Input records –

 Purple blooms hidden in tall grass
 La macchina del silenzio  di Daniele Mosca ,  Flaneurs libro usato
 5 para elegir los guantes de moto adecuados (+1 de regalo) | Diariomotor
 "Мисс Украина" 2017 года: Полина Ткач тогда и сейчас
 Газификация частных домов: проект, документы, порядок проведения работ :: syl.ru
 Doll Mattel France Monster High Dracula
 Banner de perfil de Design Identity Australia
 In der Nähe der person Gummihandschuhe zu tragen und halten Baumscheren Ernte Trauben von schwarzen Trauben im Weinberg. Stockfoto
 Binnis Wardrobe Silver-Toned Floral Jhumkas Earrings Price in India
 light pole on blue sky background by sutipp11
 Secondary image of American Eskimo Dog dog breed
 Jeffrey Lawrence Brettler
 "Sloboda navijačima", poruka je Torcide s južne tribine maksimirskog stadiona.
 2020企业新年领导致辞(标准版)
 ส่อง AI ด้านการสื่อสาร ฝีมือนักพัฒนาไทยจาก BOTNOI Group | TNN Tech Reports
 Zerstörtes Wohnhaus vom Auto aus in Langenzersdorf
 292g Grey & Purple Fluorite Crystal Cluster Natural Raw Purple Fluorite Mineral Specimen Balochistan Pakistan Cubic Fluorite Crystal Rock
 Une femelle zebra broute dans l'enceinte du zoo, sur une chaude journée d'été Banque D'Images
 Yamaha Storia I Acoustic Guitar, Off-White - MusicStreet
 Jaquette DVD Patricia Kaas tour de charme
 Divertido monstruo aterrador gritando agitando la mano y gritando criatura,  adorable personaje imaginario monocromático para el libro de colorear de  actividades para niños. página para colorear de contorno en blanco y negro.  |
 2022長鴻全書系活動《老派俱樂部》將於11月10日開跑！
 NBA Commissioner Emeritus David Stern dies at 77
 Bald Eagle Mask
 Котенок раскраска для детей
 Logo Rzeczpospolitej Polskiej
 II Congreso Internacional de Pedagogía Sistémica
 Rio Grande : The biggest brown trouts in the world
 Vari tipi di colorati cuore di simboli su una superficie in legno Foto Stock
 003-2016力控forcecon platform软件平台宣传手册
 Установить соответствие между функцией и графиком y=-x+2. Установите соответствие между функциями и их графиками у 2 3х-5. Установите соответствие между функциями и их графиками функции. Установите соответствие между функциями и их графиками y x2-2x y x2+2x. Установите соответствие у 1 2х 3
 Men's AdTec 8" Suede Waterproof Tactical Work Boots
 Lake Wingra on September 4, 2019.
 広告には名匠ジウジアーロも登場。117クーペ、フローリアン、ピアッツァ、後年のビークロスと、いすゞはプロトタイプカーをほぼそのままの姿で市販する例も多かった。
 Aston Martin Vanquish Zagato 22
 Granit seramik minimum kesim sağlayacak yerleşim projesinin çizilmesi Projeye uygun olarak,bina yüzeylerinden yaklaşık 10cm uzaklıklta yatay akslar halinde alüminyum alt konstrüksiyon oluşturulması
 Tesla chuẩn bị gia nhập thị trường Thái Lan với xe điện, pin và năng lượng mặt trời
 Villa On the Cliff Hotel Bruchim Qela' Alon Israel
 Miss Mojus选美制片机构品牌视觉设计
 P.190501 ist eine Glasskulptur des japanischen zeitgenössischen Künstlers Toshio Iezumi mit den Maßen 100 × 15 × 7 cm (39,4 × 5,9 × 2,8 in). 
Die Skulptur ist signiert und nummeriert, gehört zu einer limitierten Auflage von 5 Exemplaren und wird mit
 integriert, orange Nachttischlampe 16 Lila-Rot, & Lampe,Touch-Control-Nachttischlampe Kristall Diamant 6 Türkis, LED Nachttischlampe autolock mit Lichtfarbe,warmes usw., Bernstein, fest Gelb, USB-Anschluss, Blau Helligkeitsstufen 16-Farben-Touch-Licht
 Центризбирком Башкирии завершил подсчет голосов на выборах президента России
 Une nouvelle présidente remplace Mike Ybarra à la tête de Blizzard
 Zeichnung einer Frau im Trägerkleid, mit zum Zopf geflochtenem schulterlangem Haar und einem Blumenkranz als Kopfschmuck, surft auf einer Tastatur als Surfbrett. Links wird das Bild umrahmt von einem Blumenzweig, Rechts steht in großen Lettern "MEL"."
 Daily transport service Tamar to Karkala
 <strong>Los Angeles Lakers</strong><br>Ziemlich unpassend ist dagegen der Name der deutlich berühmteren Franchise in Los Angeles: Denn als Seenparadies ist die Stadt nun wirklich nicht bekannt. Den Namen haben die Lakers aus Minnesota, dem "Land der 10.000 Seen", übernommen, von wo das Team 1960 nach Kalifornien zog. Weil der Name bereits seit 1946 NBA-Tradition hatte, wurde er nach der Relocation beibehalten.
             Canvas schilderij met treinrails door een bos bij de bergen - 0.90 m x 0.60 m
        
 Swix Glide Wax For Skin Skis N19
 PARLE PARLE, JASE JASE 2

Instructions for the task – If a line in the records above holds the string "libro", copy it.

Solution –
 La macchina del silenzio  di Daniele Mosca ,  Flaneurs libro usato
 Divertido monstruo aterrador gritando agitando la mano y gritando criatura,  adorable personaje imaginario monocromático para el libro de colorear de  actividades para niños. página para colorear de contorno en blanco y negro.  |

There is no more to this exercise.